What can you do in your library? 

  1. Reach out to the HR diversity, equity and inclusion specialists, Pride committees, and/or ally networks in your organisation to ensure you understand any legal, regulatory, or policy requirements. This will help you make the case for change with other staff who may not have a detailed understanding of how serious these shortcomings are in terms of the wellbeing of trans and gender diverse staff and students. In my case, this was the Queensland Human Rights legislation and guidance mentioned above. 
  2. Find out if your organisation has any internal diversity strategies or best practice guidelines for supporting gender diverse staff and students. Again, this will help if you need to request action beyond your own sphere of influence. At my organisation guidelines were already available covering support for trans and gender diverse students, and an associated guide to inclusive language and presentation for both staff and students. A further guide to gender affirmation/transition for employees was released around the same time that discussions about preferred names were taking place. 
  3. Conduct an audit of library systems to find out what names are being used and how (e.g. displayed online, within system notifications, email or SMS notices). This can be quite tricky depending on how names are stored and what other systems your library systems are integrated with. It will be much easier if you can find an existing library staff member or user with a preferred name (usually stored in the HR system) to help you out with this. At my place of work we were fortunate to have a staff member in our digital library team with a preferred name, who was happy to undertake this testing. If I had needed to ask a trans or gender diverse user for assistance, I would definitely have discussed with them the possibility that they could be deadnamed during this process and confirmed that this would not cause them undue harm. Alternatively I may have sought to establish a dummy test user instead, although this can be very difficult depending on your IT set-up.

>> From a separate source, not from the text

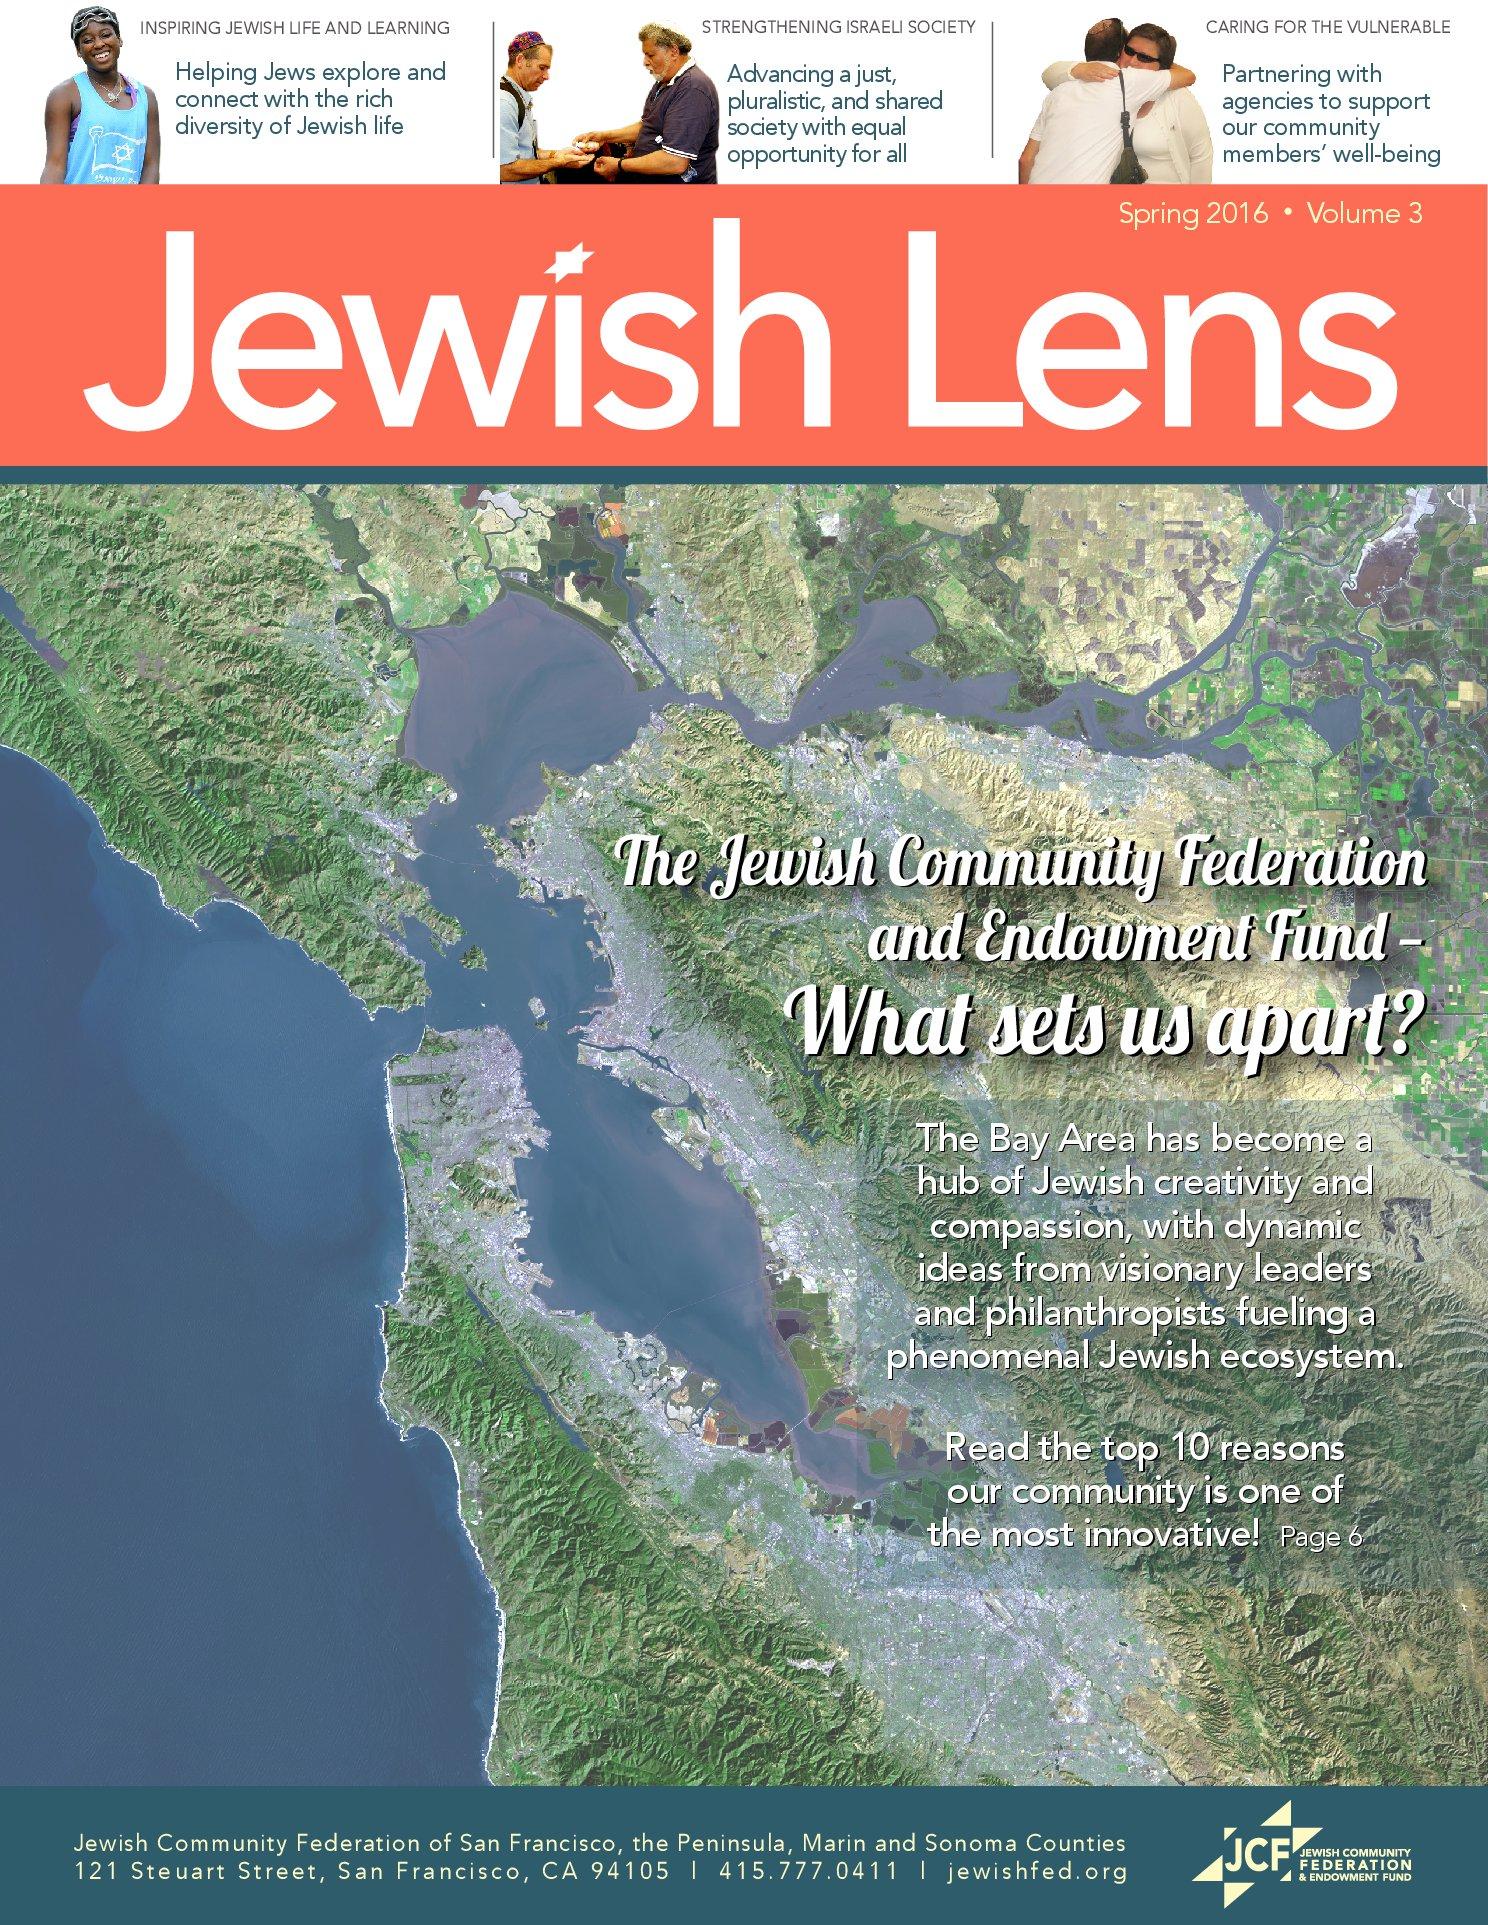 Jewish Lens by Jewish Community Federation of San Francisco

  4. For systems owned by the Library, work as quickly as you can with vendors and your local identity and access management team to ensure use of preferred names. You may need to be patient in explaining the context for your query, as policies, practices and general awareness in some parts of your organisation and in other organisations could be lagging behind where you are at. Pointing your vendors and colleagues to some of the resources that you have gathered earlier in this process might be useful; don't assume that everyone even in your own organisation will be across the latest changes in policy or have a detailed understanding of the guidelines and how these should be interpreted in their own work area. 
  5. For systems not owned by the Library, work with HR diversity, equity and inclusion specialists, Pride committees, and/or ally networks to escalate a call for action. This could be via an appropriate committee or to the leadership level within your central IT division. Ask your colleagues how best they can take advantage of your networks and your expertise (e.g. in being a bridge-builder between technical and non-technical colleagues).